Edmund Tweedy Flanigan

2023




Climate activists have pursued a wide range of disobedient protest tactics in response to the threat of global climate change and to what they see as the failure of world governments to adequately address the problem. Consider, for instance:


School Strike for Climate. In 2018, Greta Thunberg, then fifteen years old, refused to attend school as a form of strike against what she saw as insufficient action to address the climate crisis. Rather than attend school, Thunberg held a sign reading “Skolstrejk för Klimatet” (“School Strike for Climate”) on the steps of the Swedish parliament for the three weeks preceding parliamentary elections. The movement later became a long-term, global one, with Thunberg and other activists striking every Friday. The movement has subsequently organized strikes worldwide involving millions of protesters, many of them school-aged children. School attendance, in Sweden and many other countries, is legally mandatory (see Tumin, 2023).
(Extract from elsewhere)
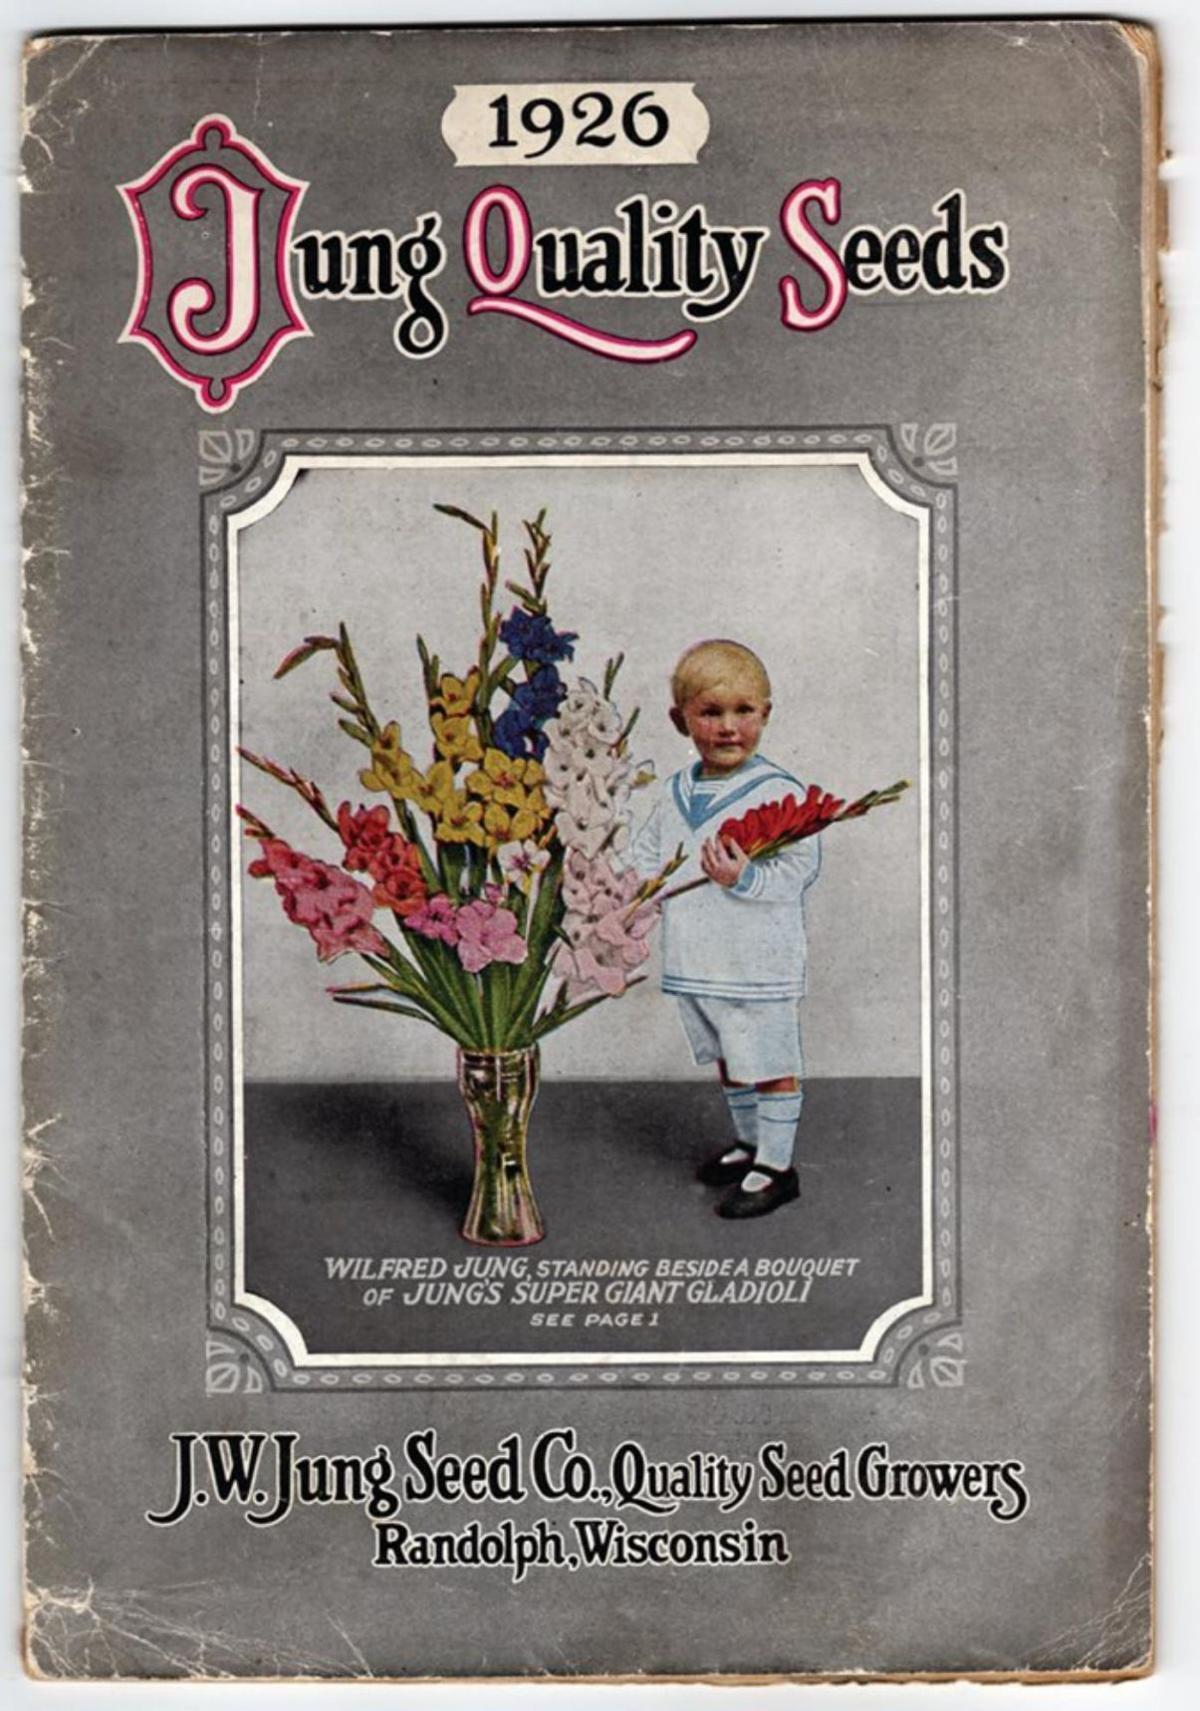 Jung 1926 advertisement.pdf

Kingsnorth Six. In 2007, six activists affiliated with the environmental activism organization Greenpeace ascended the chimney of Kingsnorth power station in the United Kingdom to protest a plan by then-Prime Minister Gordon Brown to build an additional coal-fired power station on the site. They caused the power plant to shut down for a time, and they painted “GORDON” in large letters on the chimney. In a rare acquittal, a jury subsequently found that although the “Kingsnorth Six” (as they became known) had broken property laws in carrying out their action, they had a lawful excuse for doing so (see Bedell, 2009).


Extinction Rebellion. In 2021, nine members of the group Extinction Rebellion used chisels and hammers to break the windows of the HSBC bank’s headquarters in London. They wore patches reading “better broken windows than broken promises,” echoing a slogan originated by women’s suffrage activists more than a century earlier (Laville, 2023). Like the suffragettes, whose most famous motto was “deeds not words,” a new generation of climate activists pursue more disruptive and destructive protest, such as blocking traffic routes, defacing paintings, occupying land, and engaging in hunger strikes.
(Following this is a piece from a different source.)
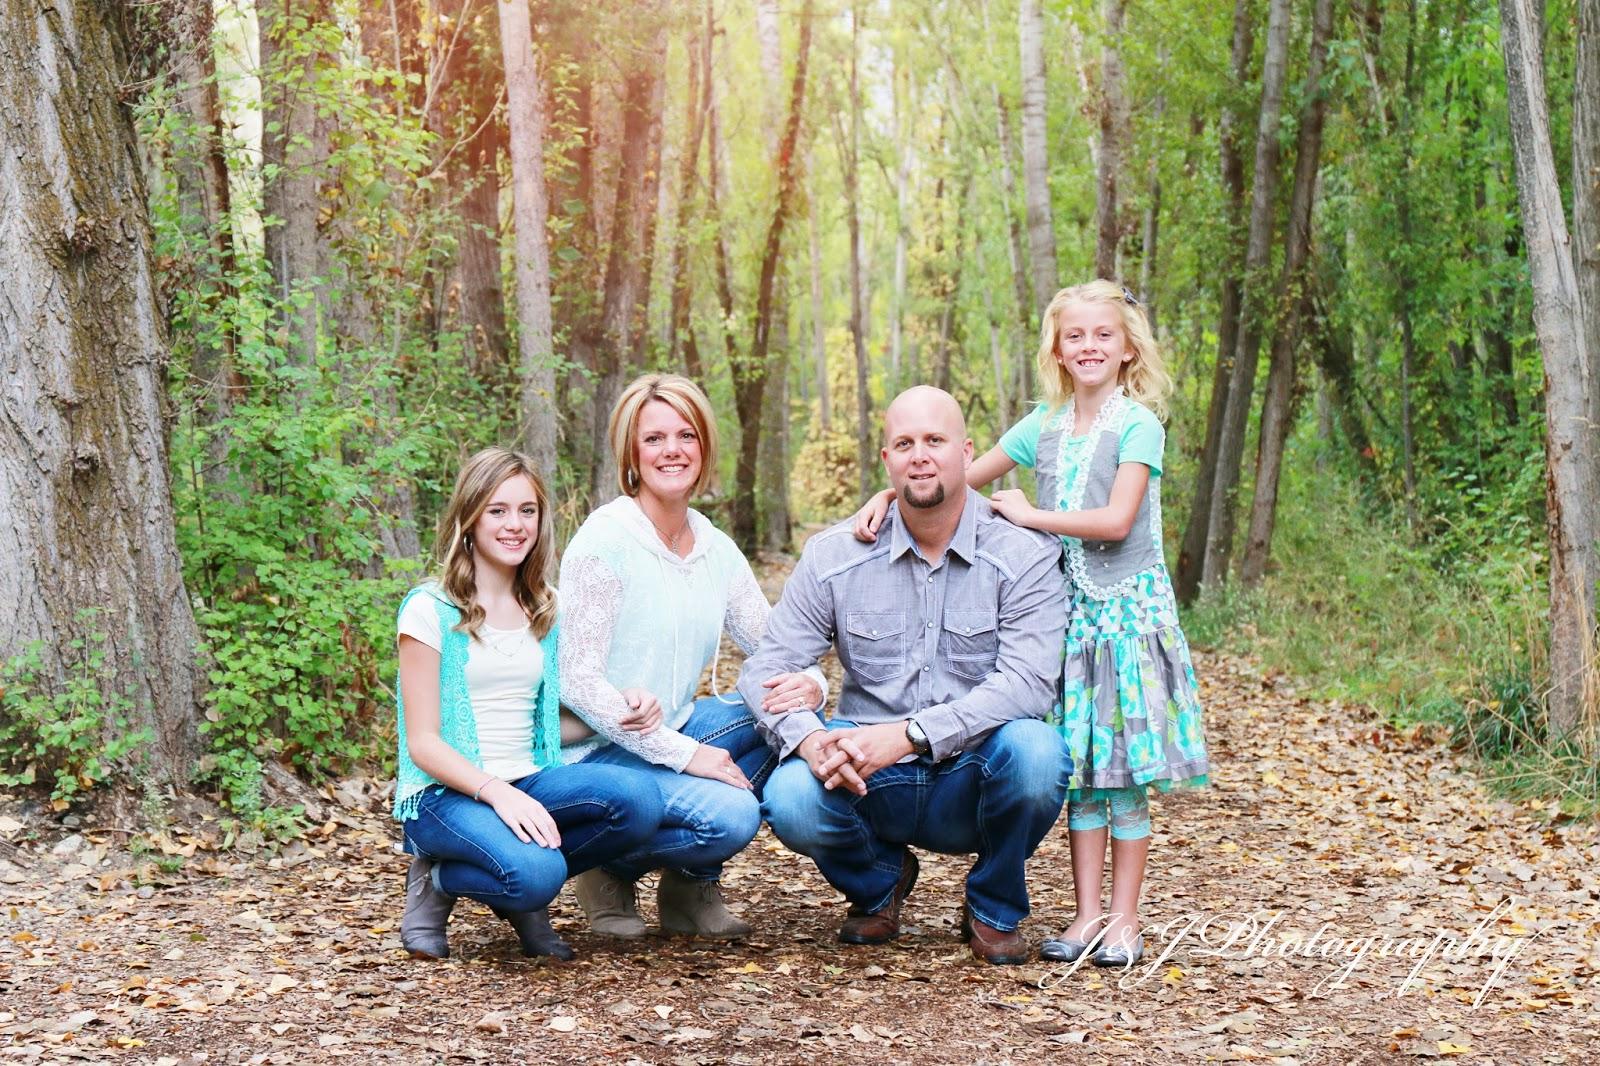 J&J Photography: {P Family} Davis County Layton Family Photographer

How to Blow Up a Pipeline. In a recent book, Swedish activist and academic Andreas Malm argues that climate activists should go beyond merely symbolic, and even disruptive, action and aim directly at the destruction of polluting infrastructure instead. He notes that “there is a long and venerable tradition of sabotaging fossil fuel infrastructure” as a form of strategic intervention, as protest, or both (Malm, 2021, p. 71). “Ecotage,” as such actions are sometimes called, is against the law.


These examples are representative of the range of disobedient positions taken up by the global climate movement: some opt for restrained, symbolic disobedience, while others advocate much more radical action. Many others fall somewhere in-between. What unites activists across this range of positions is that they commit or support what they see as justified lawbreaking. How can we square this with the state’s claims to authority and legitimacy?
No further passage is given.